You are already GREAT! Just allow yourself to be.








Time ticks…

As the time ticks, I prepare to go on a date with my honey, yet as I walk past my computer I feel it almost hypnotizing me to sit and write. I argue for a moment. I explain that my writings aren’t helping anyone. A moment of doubt fills my brain until it happens, quickly I am interrupted by a message on messenger, a text or an email. What does it say? Usually, they begin with, THANK YOU. Today, it was a bit different but meant the same.

The sound of my phone vibrating is what startled me out of my self-doubting trance. I flip it over and these are the words that brought me right back to my blissful place, in front of my computer writing. “I don’t know how you do it. I don’t know what you want to do with your life, but thank you. I needed that.”

The funny thing is, I am not sure who they were. Which e-mail, posting, writing or coaching helped you? Wait! I have so many questions. What do you mean by ‘do with my life?’ Still nothing! No response, when I call the number it says it is not a Verizon working number.

However, their message was loud and clear. Sit down and write. Do some more of your inspirational writing. Enjoy whisking off into the wild blue yonder and filling your mind with beautiful scenes, laughter, and fun.

I hurried up to complete my makeup, got dressed, slipped on my shoes, took one last glance and quickly slipped off to my writing room. Yes, time continues to tick and life is moving quite quickly. However, I wish nothing less for you to have a ‘happy’ place.
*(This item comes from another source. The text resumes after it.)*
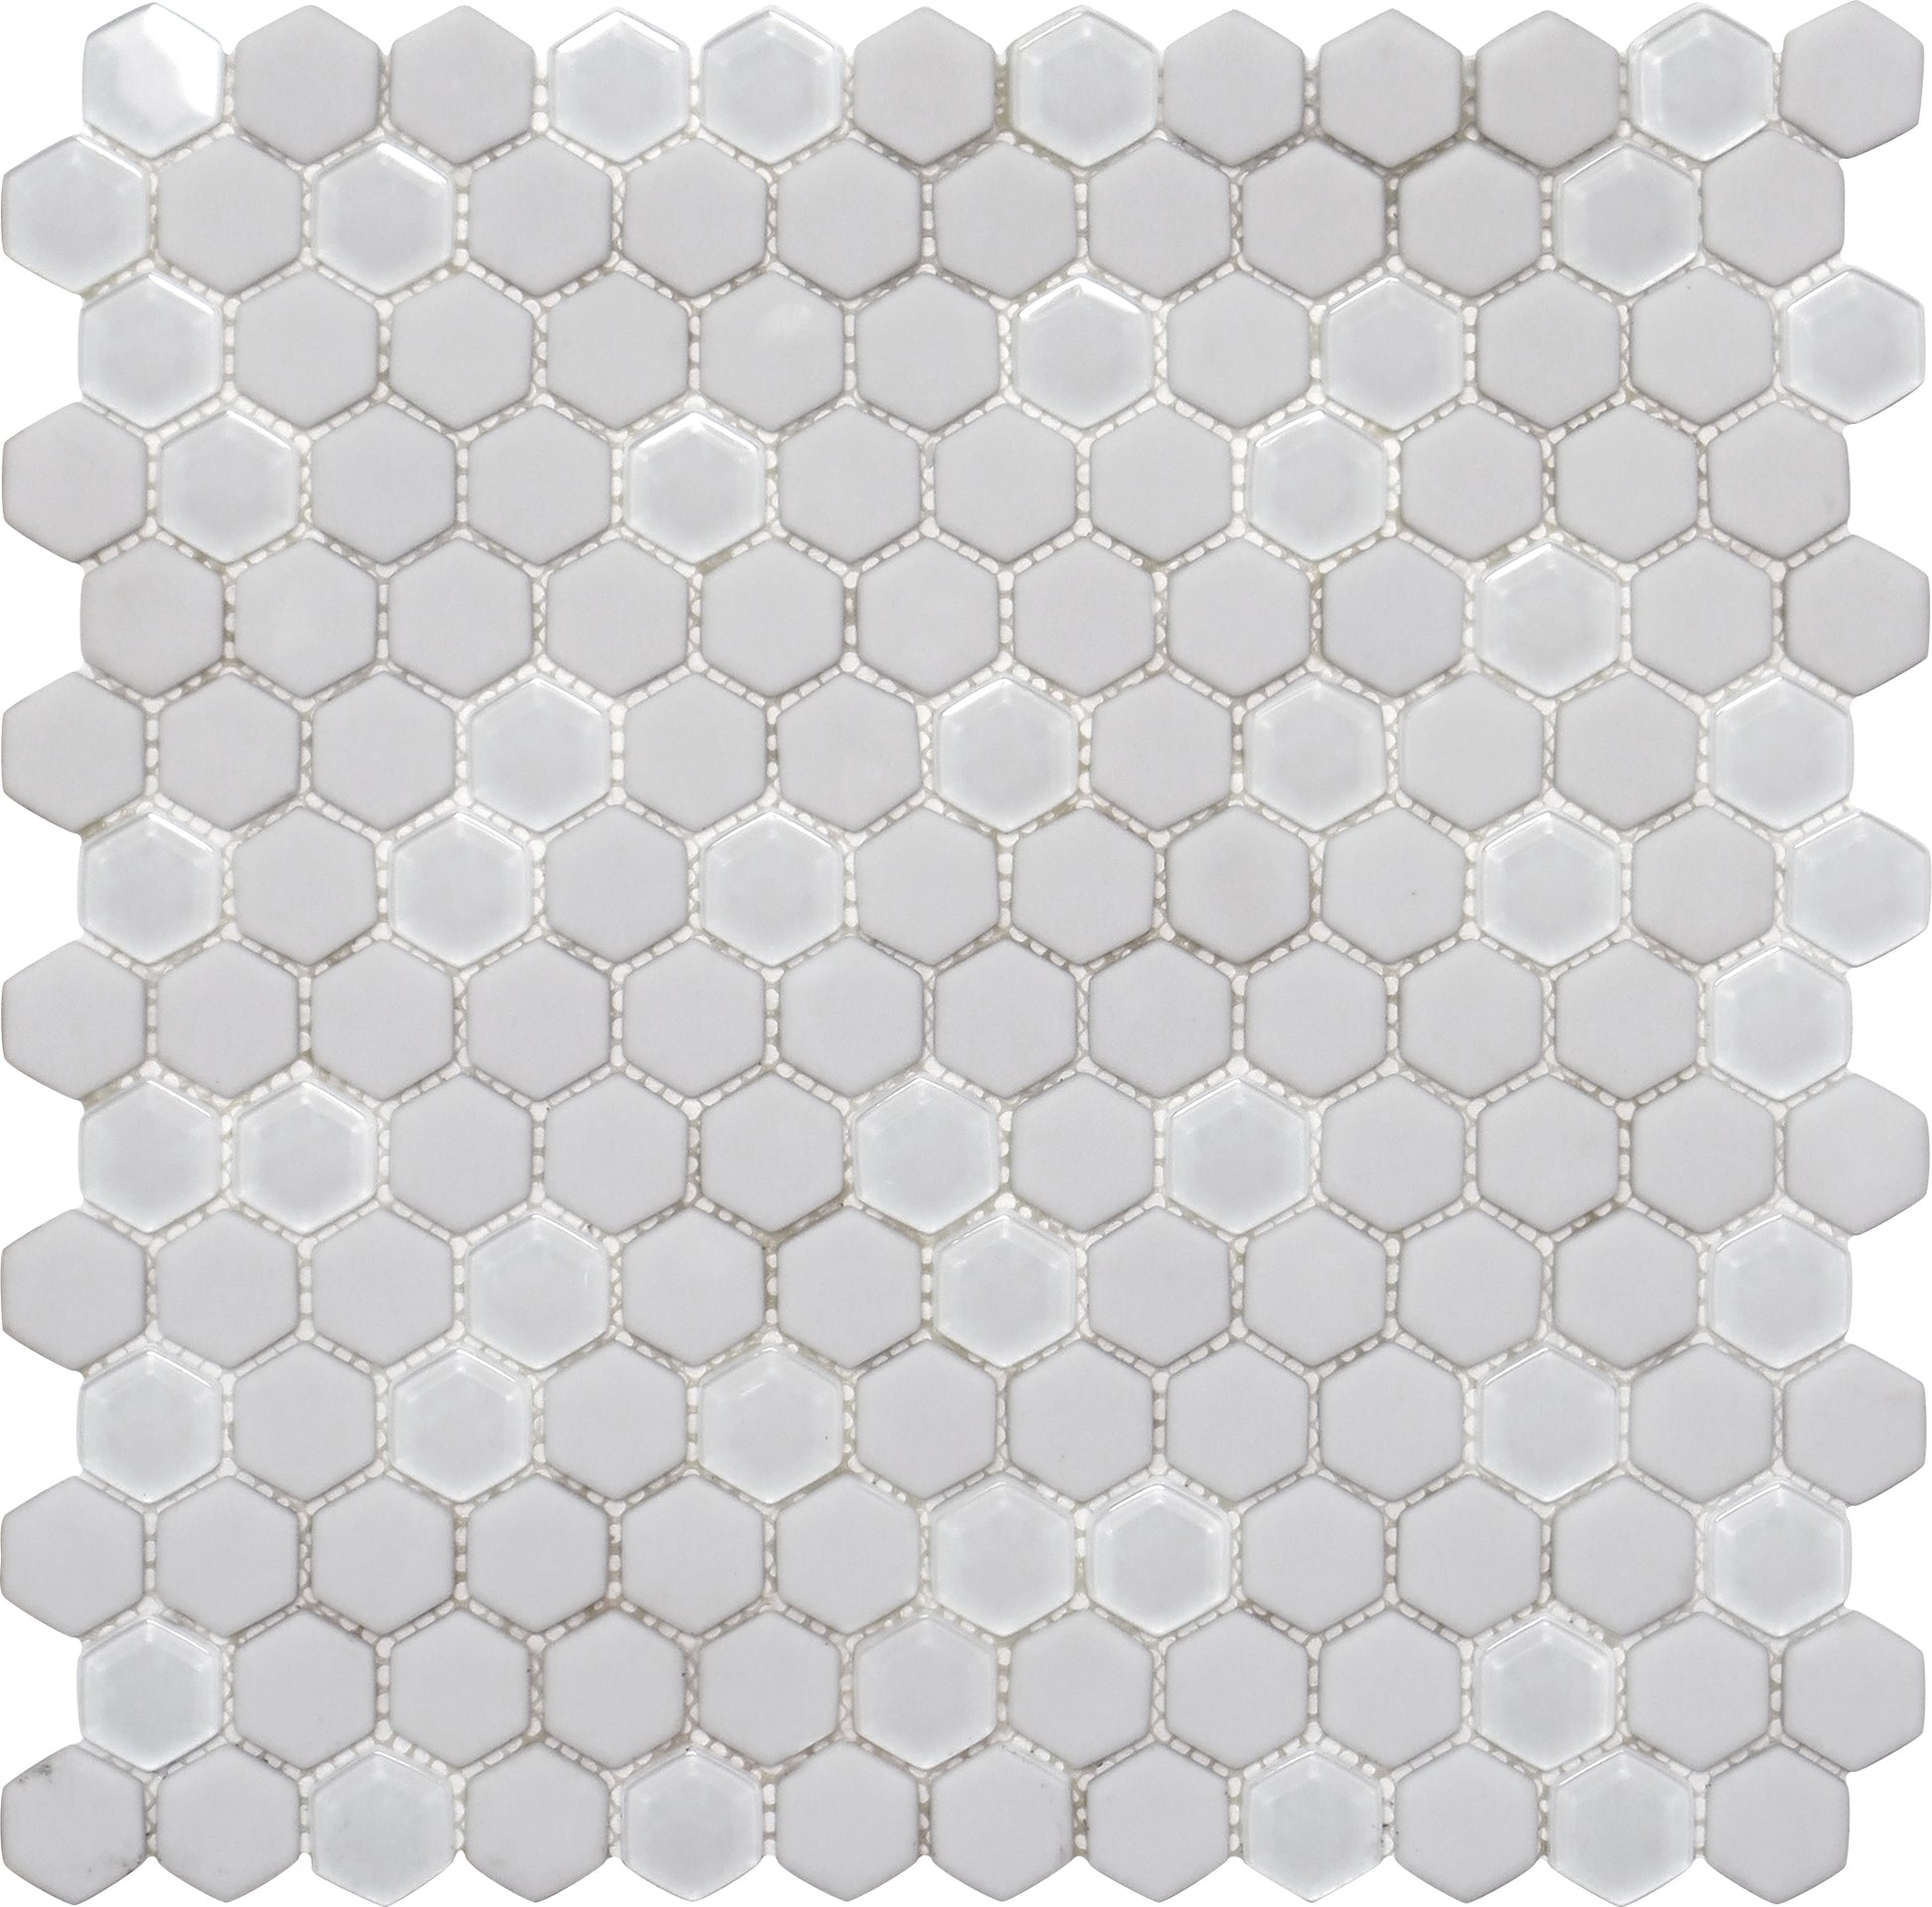 Cotton White Hexagon Tile

Where you can just ‘be’ whoever or whatever you want to be!

If your mind is filled with what ifs, the could, would and shoulds in life…I hope you change your vocabulary and live life to the fullest! When you begin to talk about, if you would have or if I would have…stop! No one can turn back time! Remember, it continues to tick whether you relish in the moment or dispose of it, it keeps on keeping on. Change your vocabulary to I will, I am, love, present, future, new beginnings, abundance, happiness, living today not yesterday and the list could go on and on.

This is what I pray! I have one message, Live today, Love every day and when the going gets rough instead of the rough gets going, Livelove & Carryon!

You are amazing! Thank you to my mysterious texter, even the happiest of happy and brightest of sunshine needs someone to help rid themselves of sad and cloudy/gray moments.